(Recorded information begins)

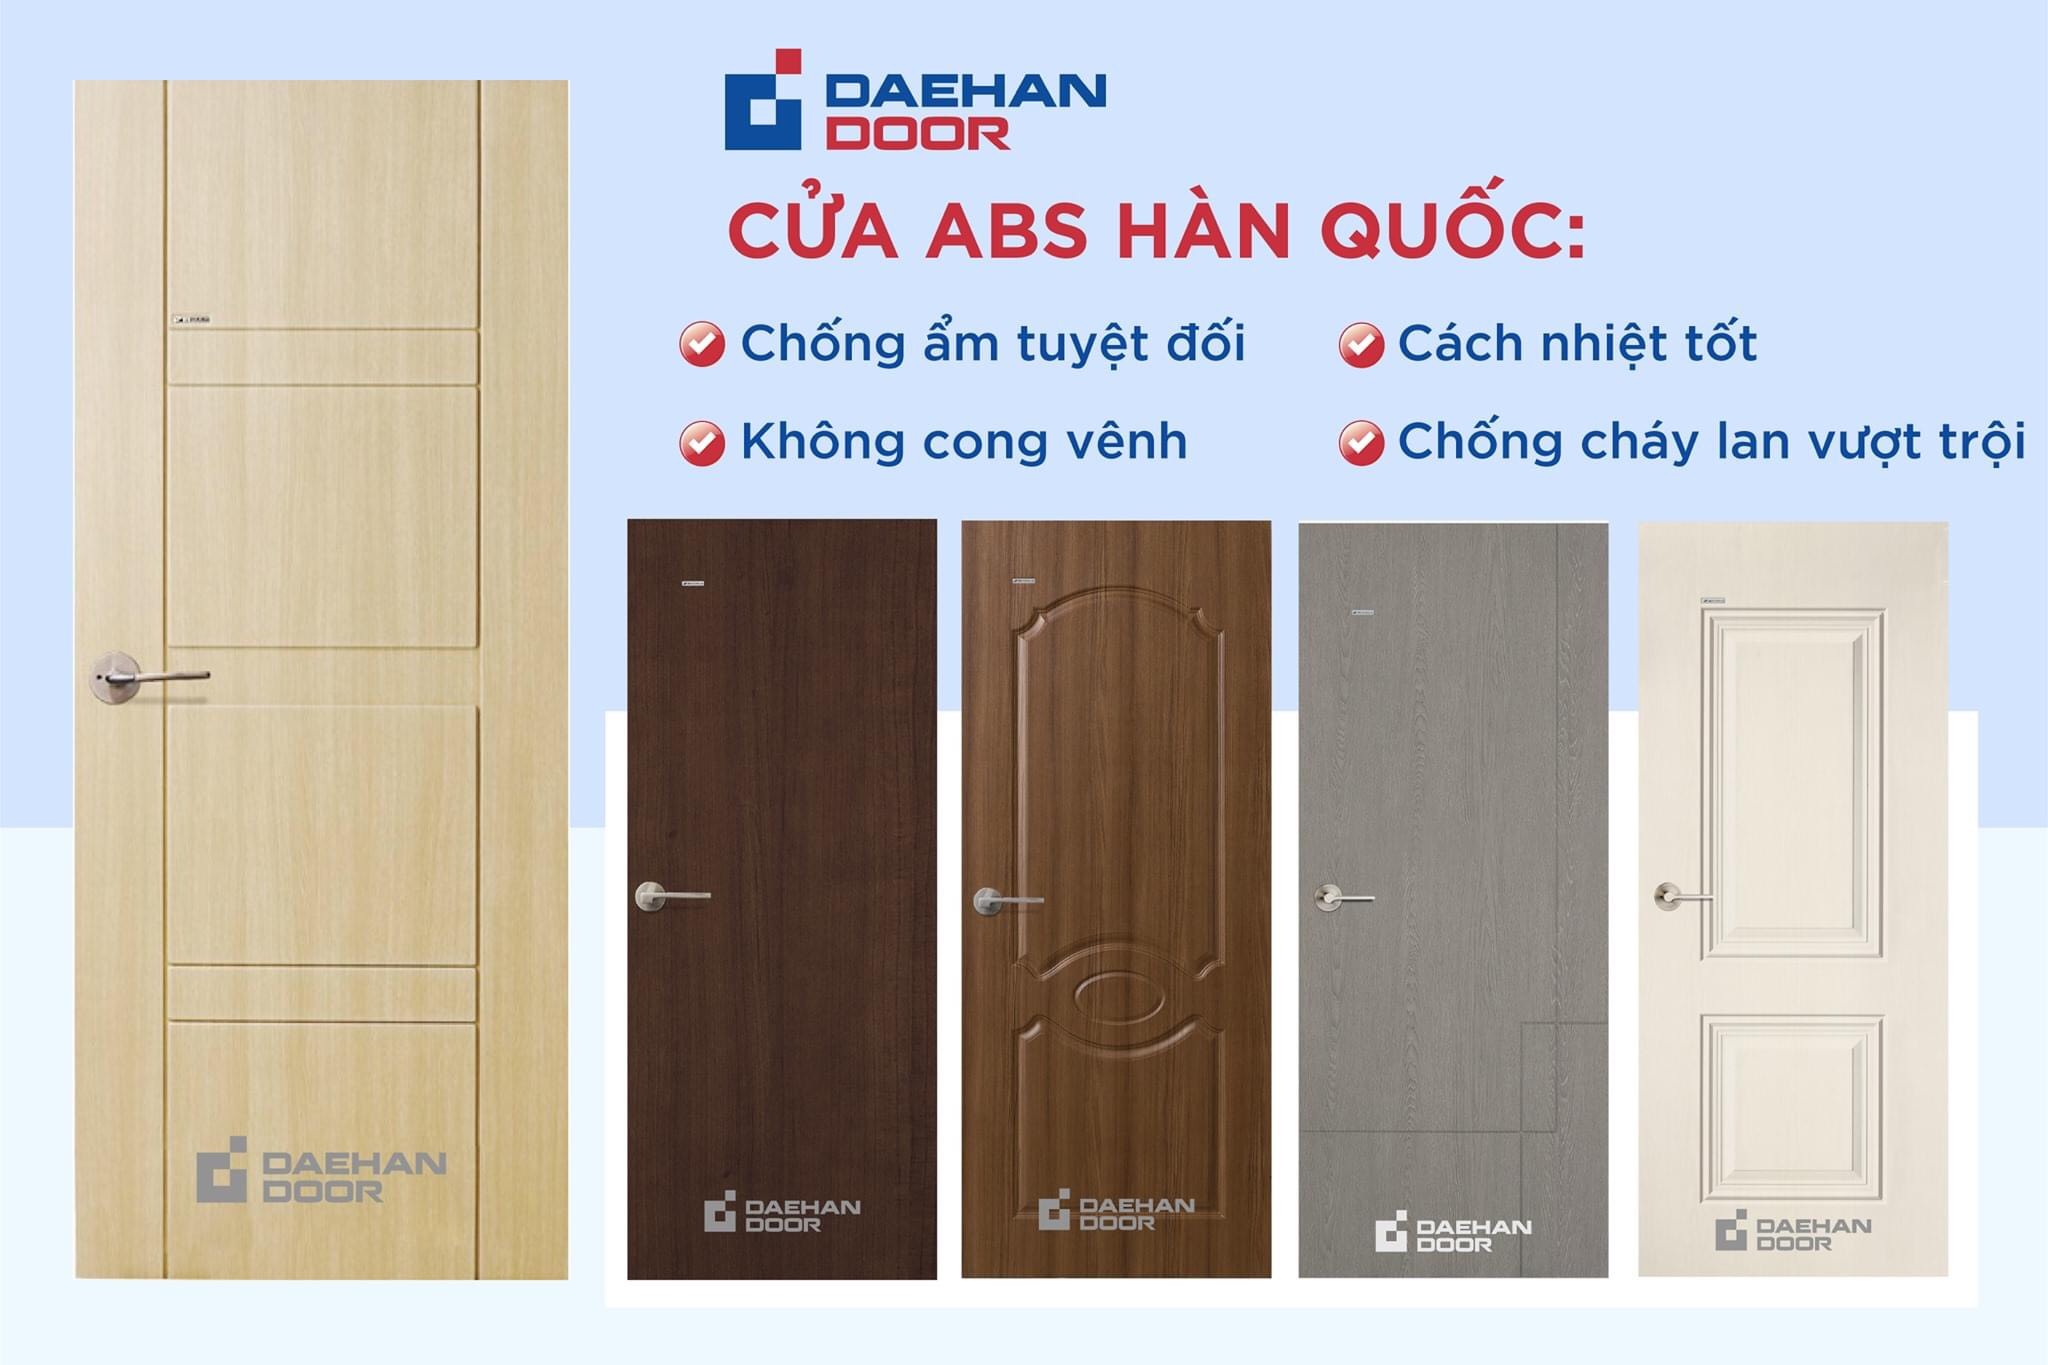  Cửa nhựa ABS Daehan và cửa gỗ nhựa Composite khác nhau thế nào?
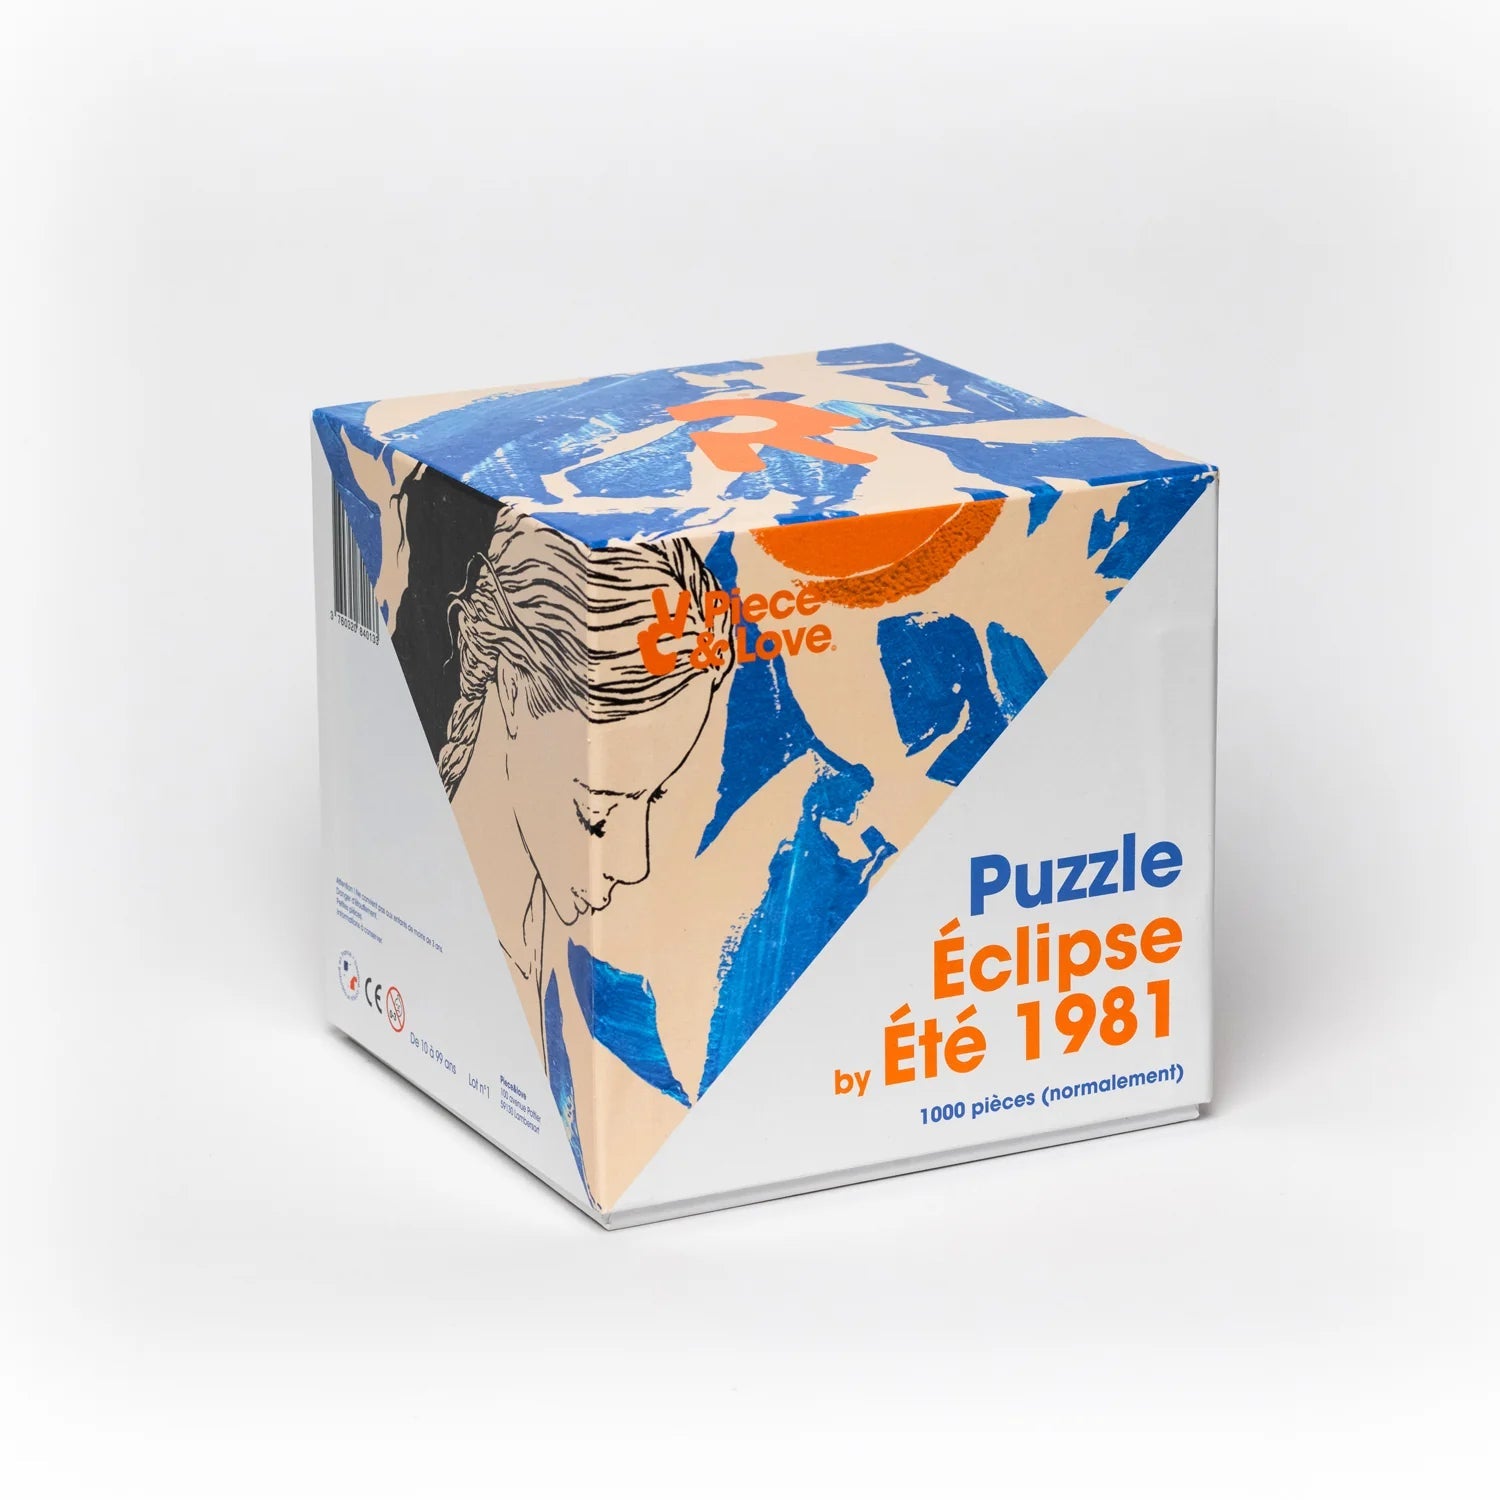 Puzzle 1000 pièces - Eclipse by Été 1981Piece & Love
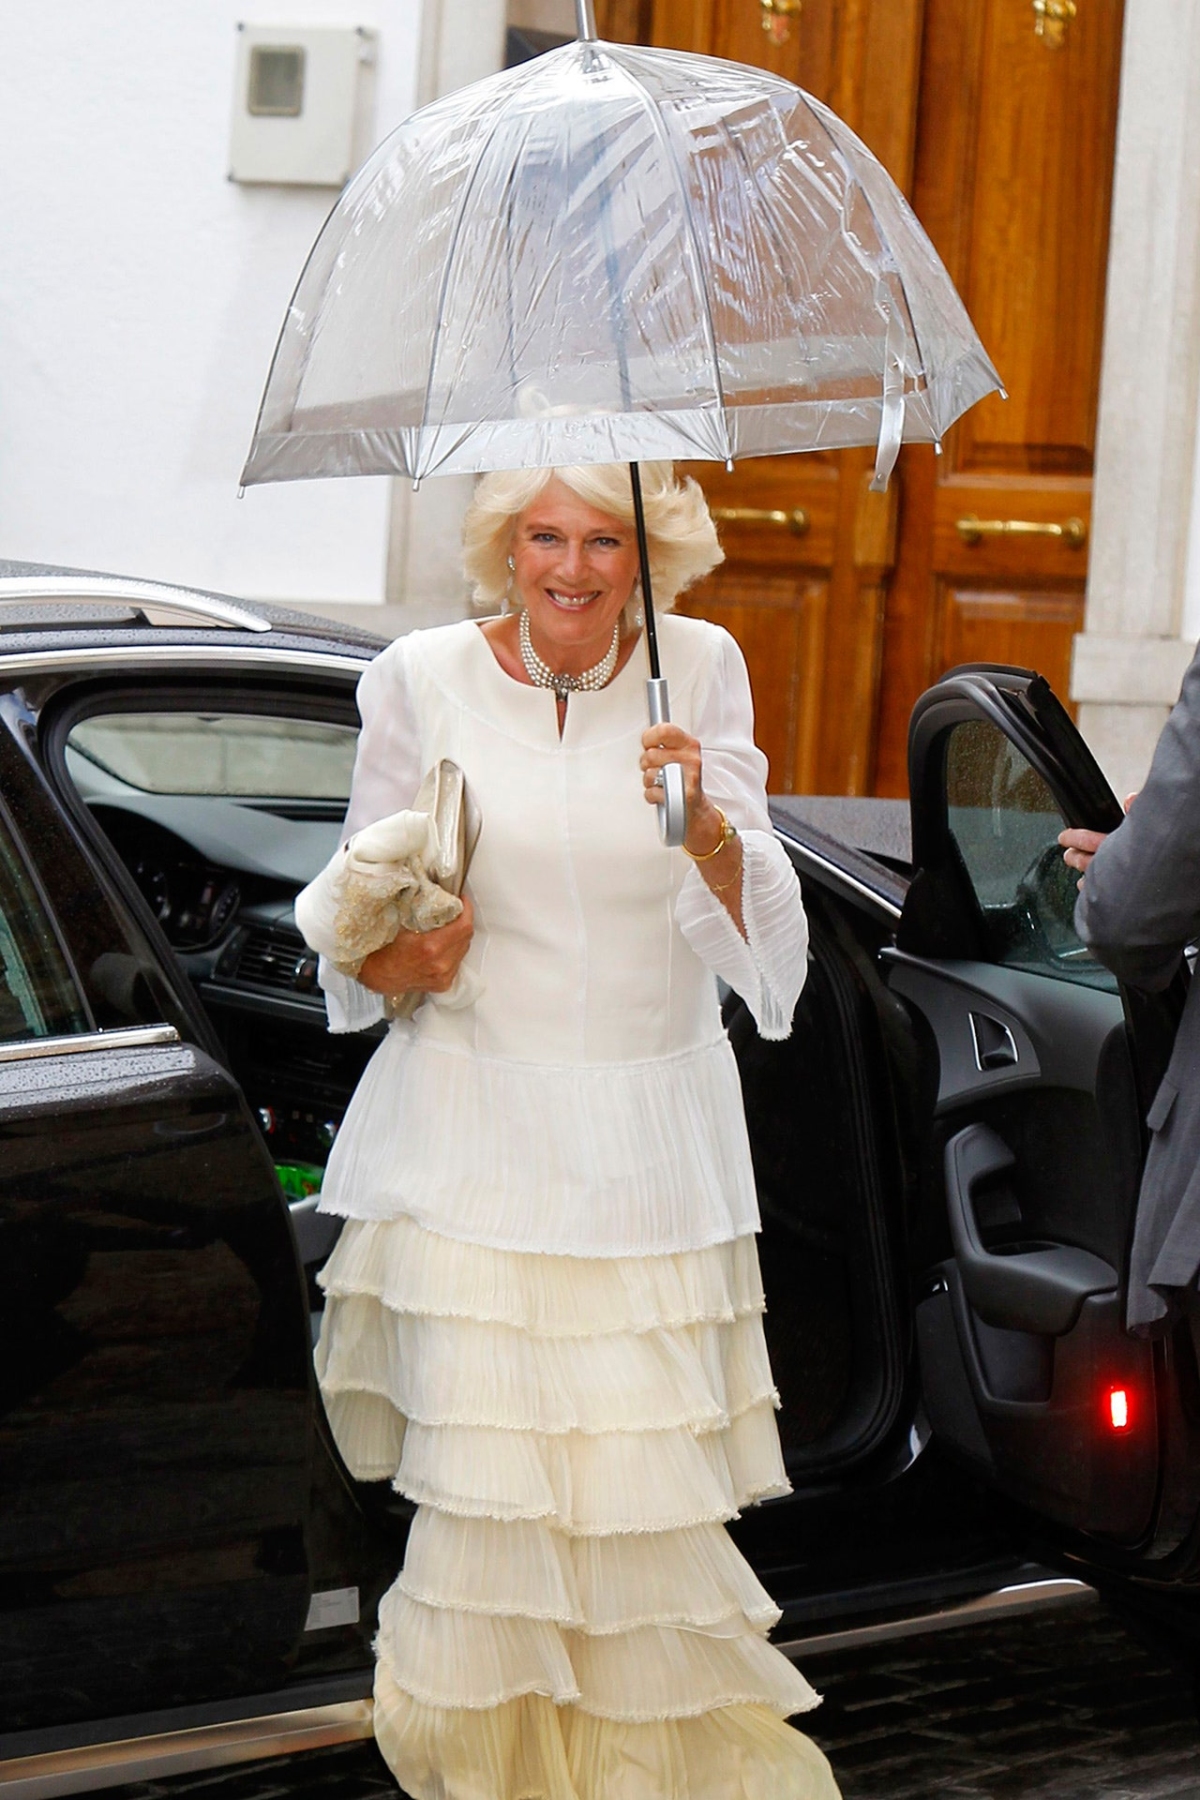 17 năm mặc đồ thanh lịch, Vương hậu nước Anh tương lai nổi bật nhờ một món đồ - Ảnh 3

(Recorded information ends)

__Exercise details__: Once the line with "Puzzle 1000 pièces" is found, write out that line and every later line of the listing above exactly, through the last one, and skip any pictures.

__Task answer__:
 Puzzle 1000 pièces - Eclipse by Été 1981Piece & Love
 17 năm mặc đồ thanh lịch, Vương hậu nước Anh tương lai nổi bật nhờ một món đồ - Ảnh 3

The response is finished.